* **WHAT IS NEEDED**
All the data below goes into the copy word for word, but the pictures don't.

* **GIVEN INFORMATION**
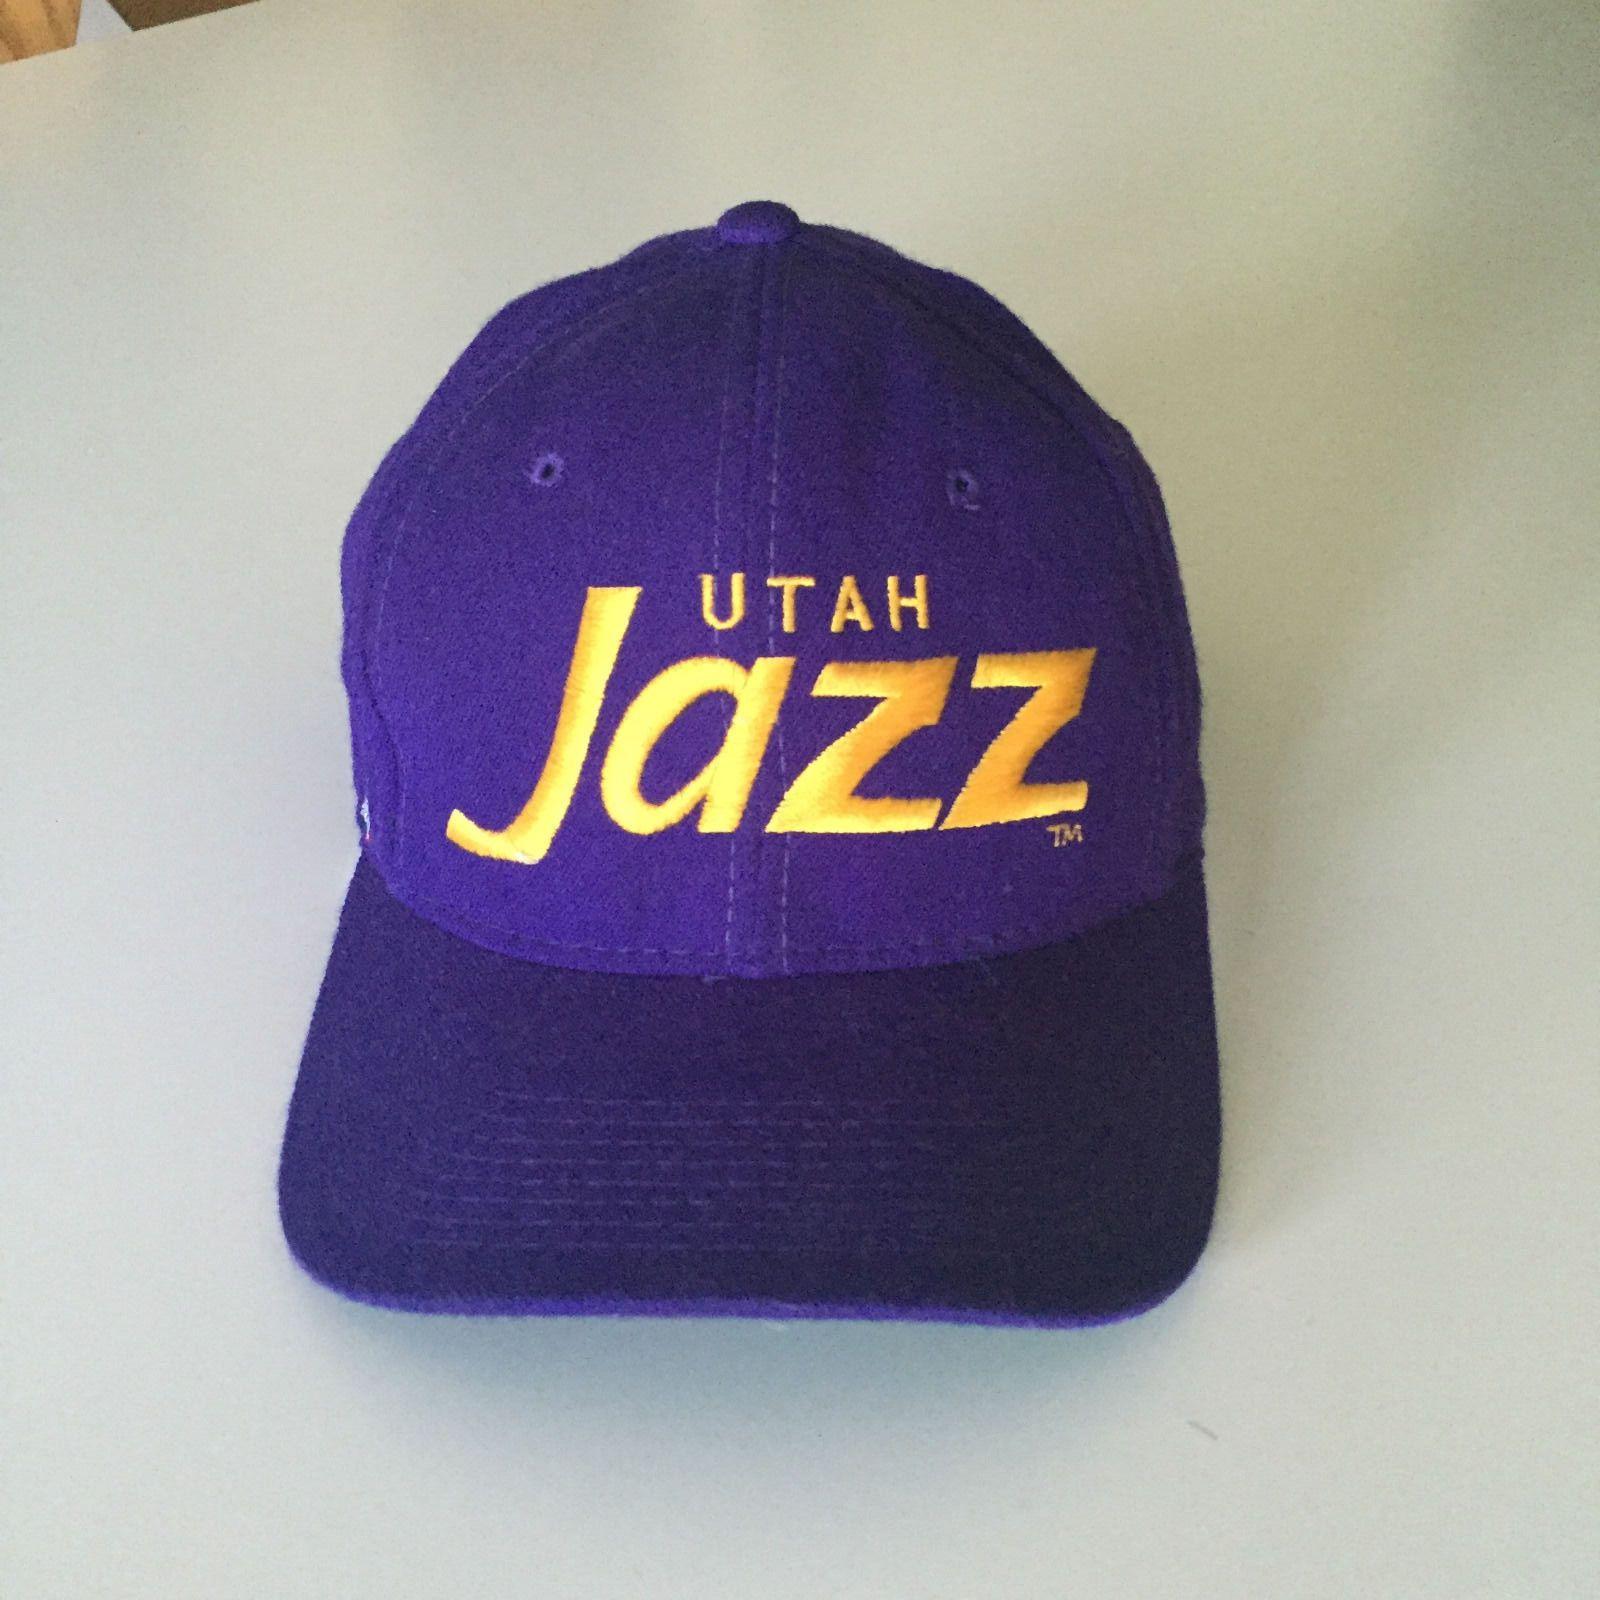 02f440b09c4 Vintage Utah Jazz Sports Specialties Snapback
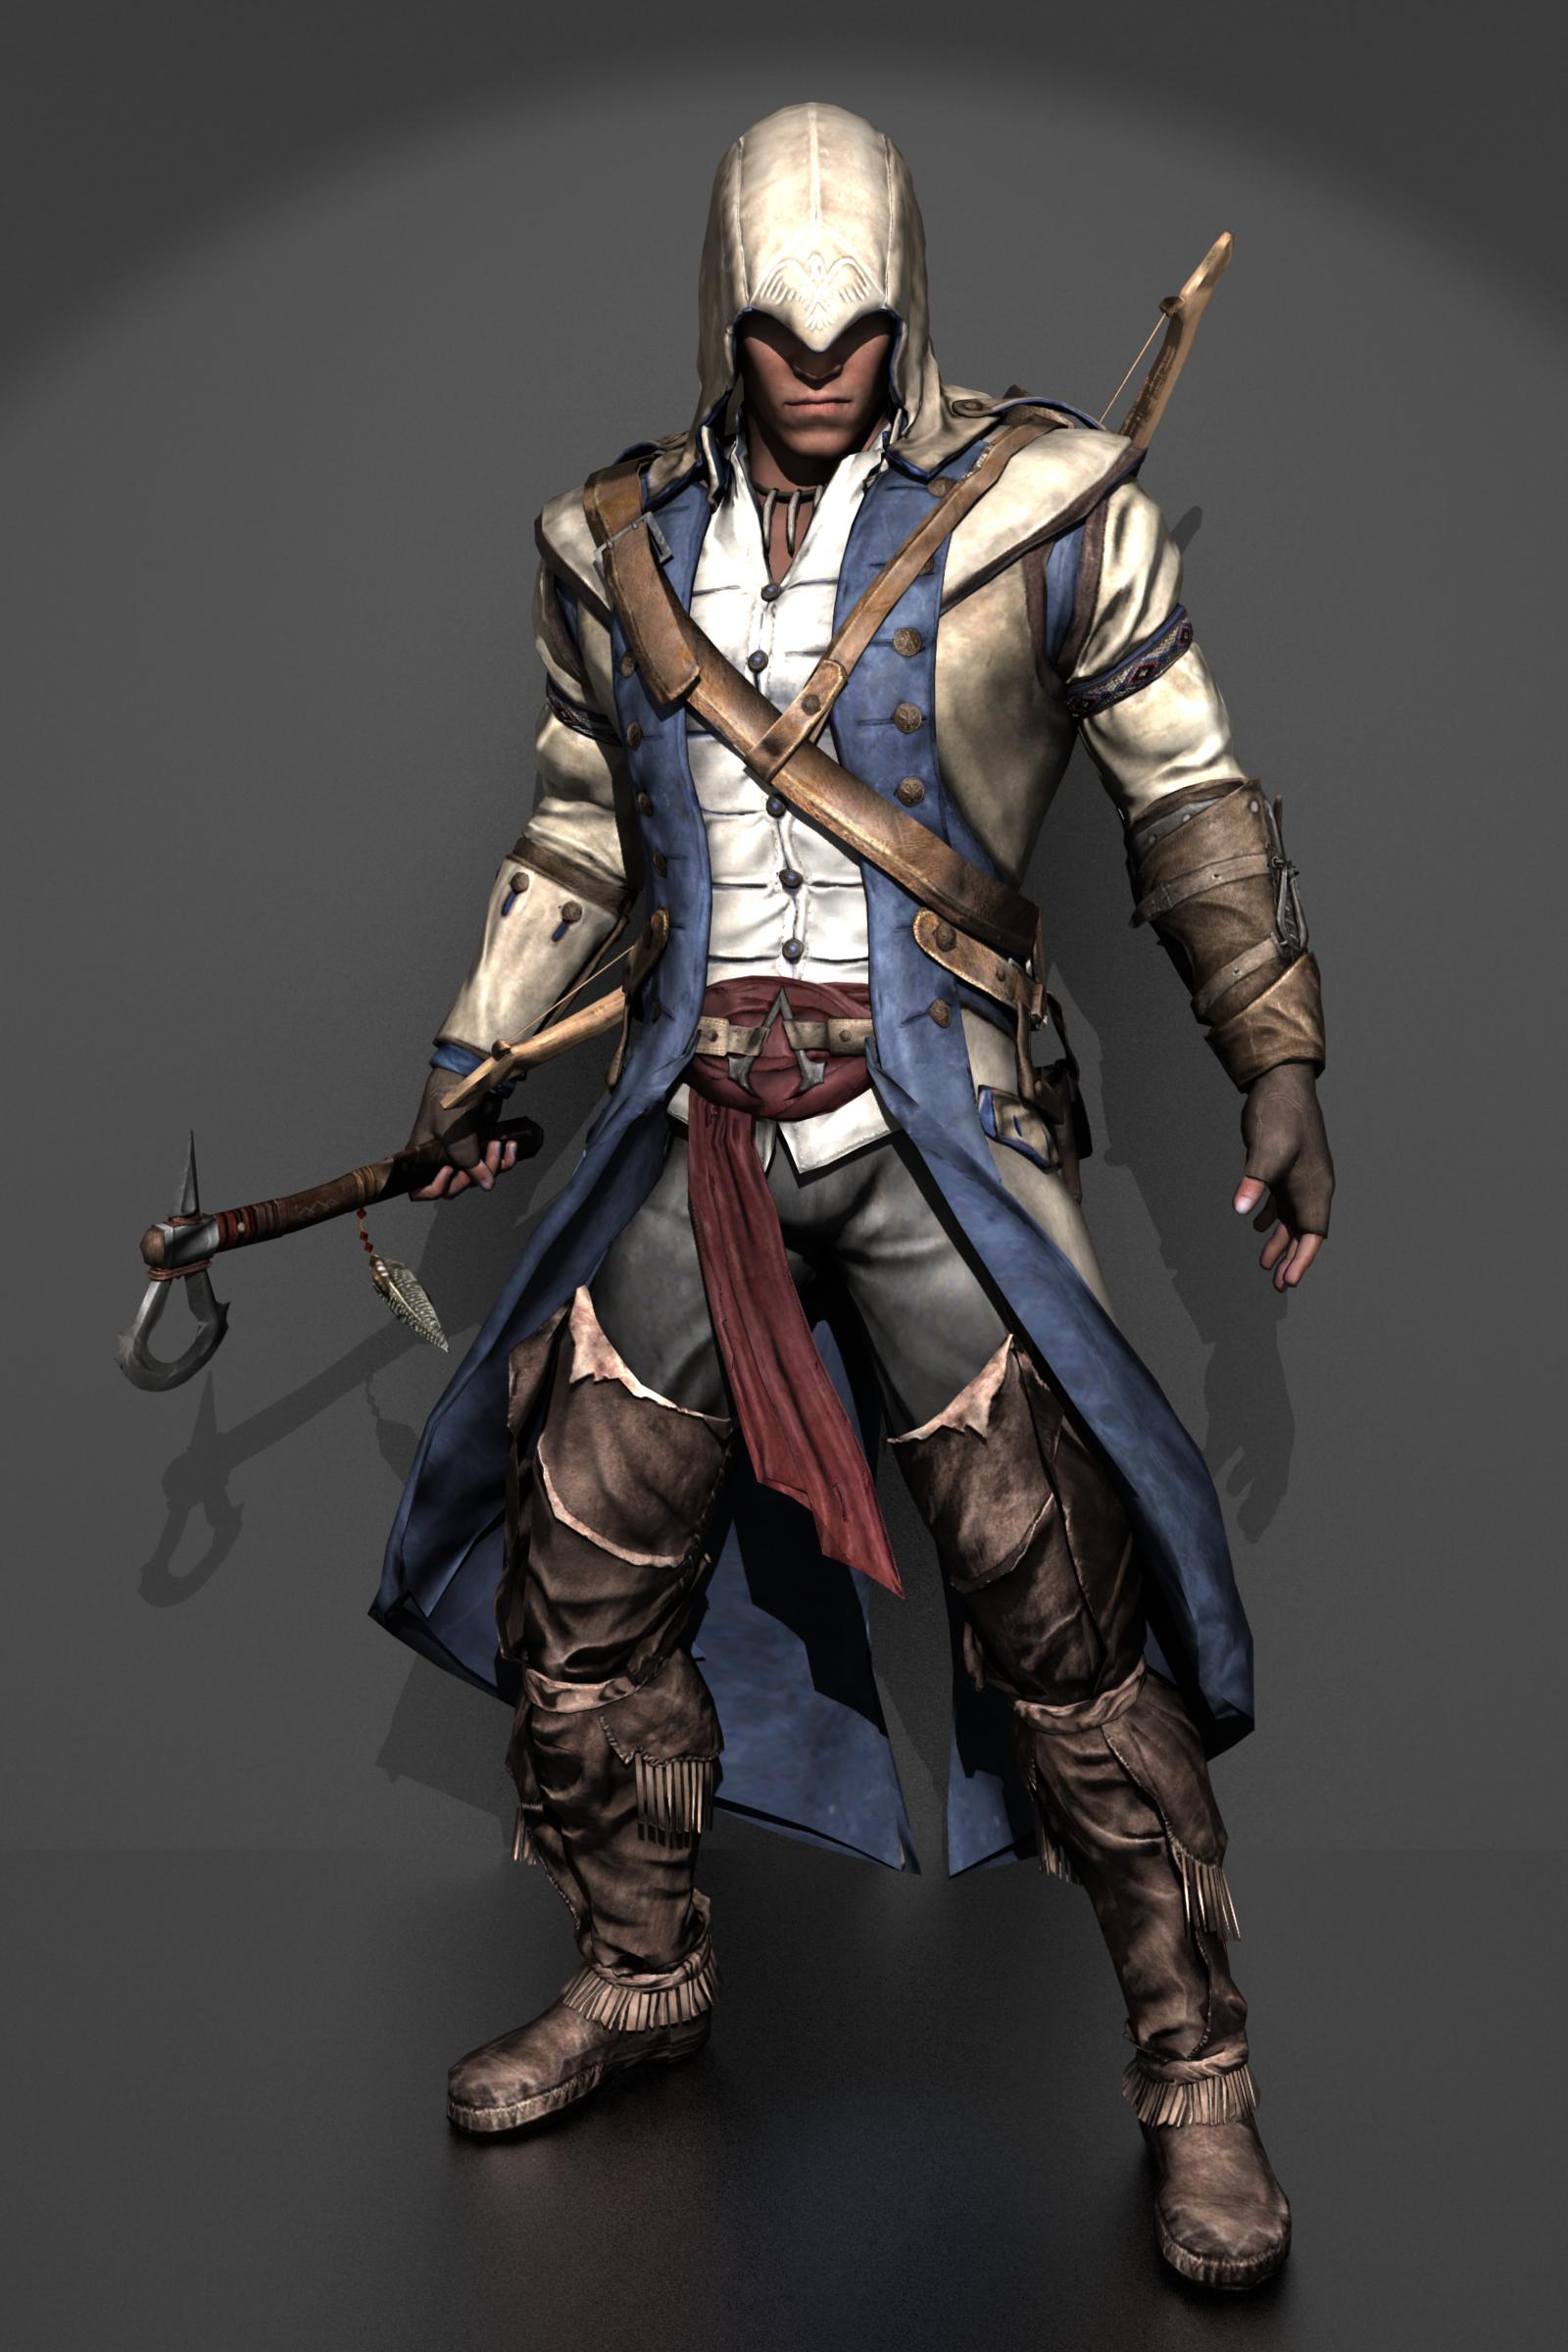 Assassin S Creed 3 Connor Kenway By Ishikahiruma On Deviantart
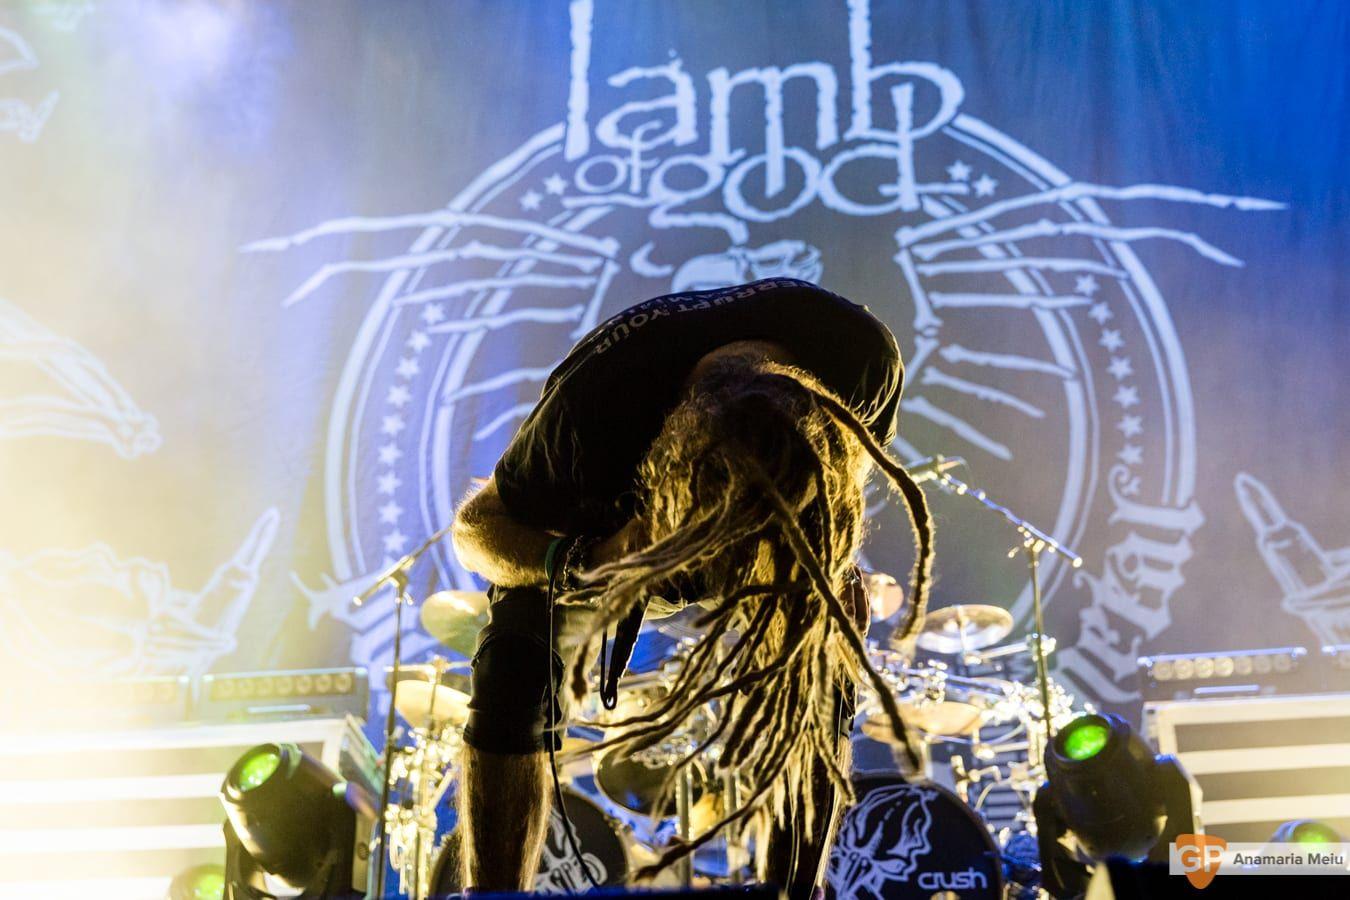 Lamb of God at 3Arena by Anamaria Meiu

* **FINISHED EXERCISE**
 02f440b09c4 Vintage Utah Jazz Sports Specialties Snapback
 Assassin S Creed 3 Connor Kenway By Ishikahiruma On Deviantart
 Lamb of God at 3Arena by Anamaria Meiu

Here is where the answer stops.